Очень интересен следующий психологический вопрос: возможно ли сразу полюбить трех женщин (полюбить — в смысле влюбиться)? Вопрос этот тем более заслуживает самого серьезного внимания, что, как кажется, до сих пор не был разработан ни одним романистом. Если у меня окажется впоследствии какой-нибудь талант, то непременно выведу такую любовь, потому что она мне кажется возможной. Еще Достоевский сказал, что «трудно себе представить, за что и как можно полюбить». Физическая красота, но главным образом какие-то неуловимые духовные особенности любимой личности (мужской или женской) заставляют нас именно ее считать выше всех остальных, представлять ее идеалом всех женщин (я говорю — женщин, потому что рассматриваю этот вопрос как мужчина), — и именно идеалом, то есть образцом для всех других женщин. Примеров этому тьма. Возьмем ли мы серенады средних веков (см серенаду Дон-Жуана в драме графа Ал. К. Толстого «Дон-Жуан»), возьмем ли любовные стихотворения современных поэтов, — везде видно одно и то же: всякий свою деву называет прекраснейшей в мире. И вот теперь возникает психологический вопрос, который должен заставить задуматься всякого мыслящего человека: почему невозможно, что физические и психические особенности нескольких женщин сразу оказывали бы совершенно одинаковое влияние на сердце? А раз это так, то человек легко может сразу любить трех девушек. Обыватель-мещанин над этим посмеется, но человек с самостоятельною мыслью в голове может над этим очень глубоко задуматься.
* * *
Из дневника:
20 февраля.
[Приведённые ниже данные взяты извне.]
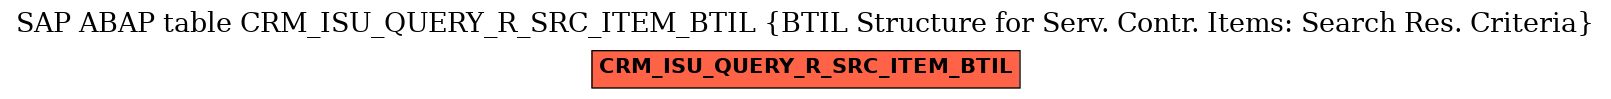 E-R Diagram for table CRM_ISU_QUERY_R_SRC_ITEM_BTIL (BTIL Structure for Serv. Contr. Items: Search Res. Criteria)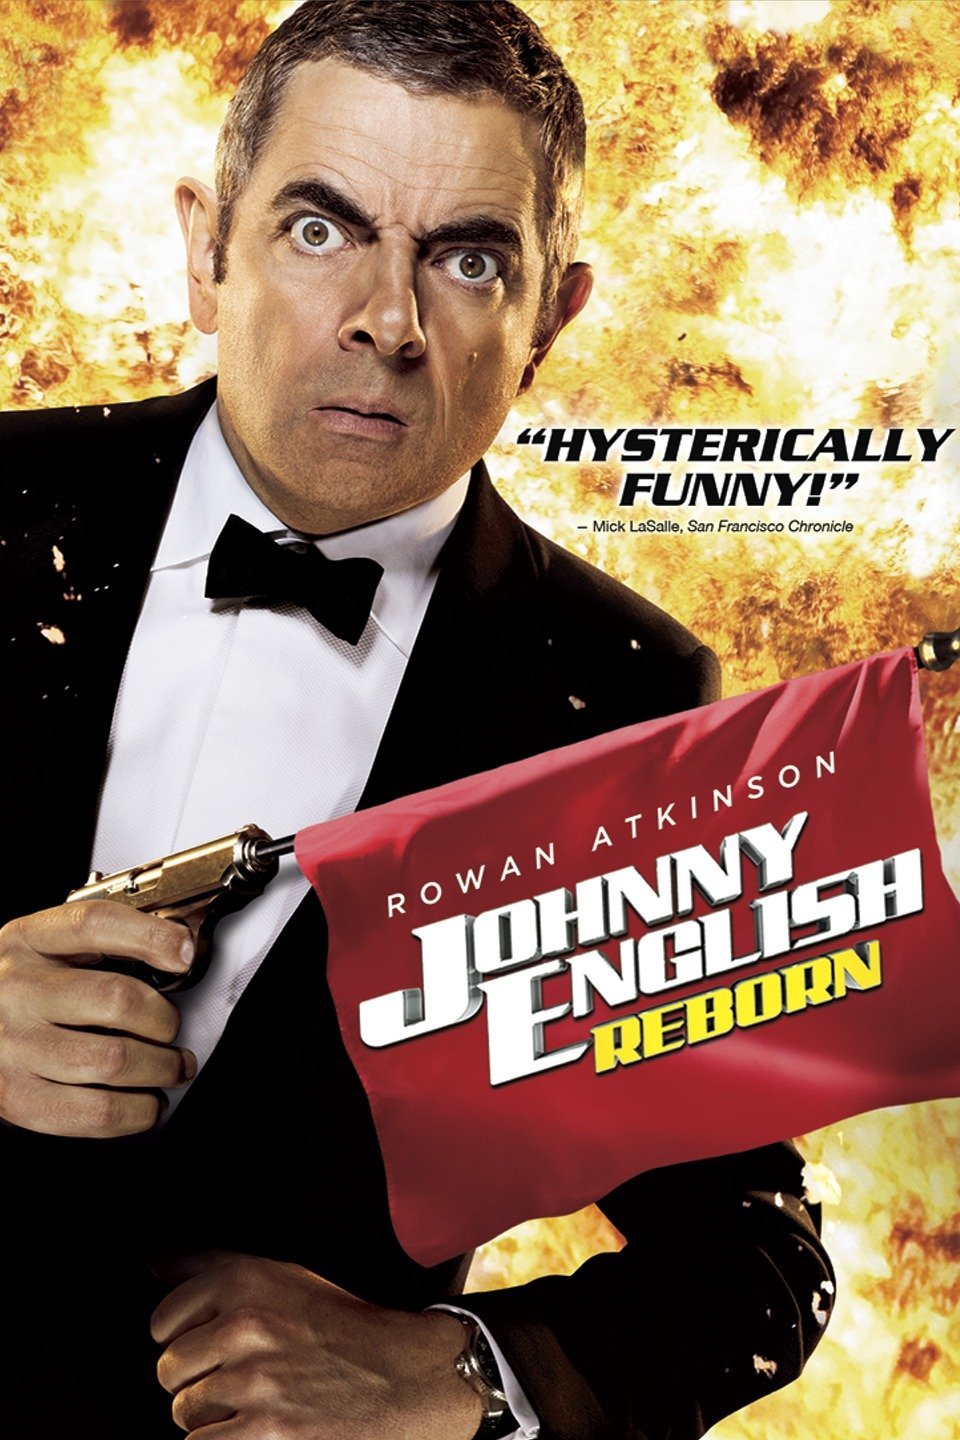 [MINI-HD] Johnny English Reborn (2011) พยัคฆ์ร้าย ศูนย์ ศูนย์ ก๊าก..สายลับกลับมาป่วน ภาค 2 [1080p] [พากย์ไทย 5.1 + อังกฤษ DTS] [บรรยายไทย + อังกฤษ] [เสียงไทย + ซับไทย] [OPENLOAD]

Понедельник
Читаю теперь «Даниеллу» Ж. Занд. Я прочел уже несколько ее романов, и везде одна и та же основа — любовь. Бедная! Она не понимает другой любви, кроме самой скотски чувственной… Вот, вместе с Чернышевским, истая представительница нашего положительного века!
Должен сознаться, — Чернышевского я не читал: только слышал, что он в романе «Что делать?» якобы проповедует самый бесцеремонный разврат.
10 марта. Суббота
Спасибо Тургеневу! Сколькими сладкими, дорогими минутами жизни я ему обязан! Для меня он — первый поэт в мире. Во время неудач, невзгод я прибегаю к нему и, при чтении его, душа очищается, тоска пропадает. При нем забывавши все дрязги жизни, уносишься в далекий, идеальный мир… И в это-то время как жаль мне темных, необразованных людей, которым недоступны высшие духовные и эстетические наслаждения! Как не вспомнить тут слов Жорж Занд: «Когда я подумаю, как мало нужно для благоденствия человека, который много живет умом, я всегда удивляюсь алчности к богатству и стремлению к роскоши».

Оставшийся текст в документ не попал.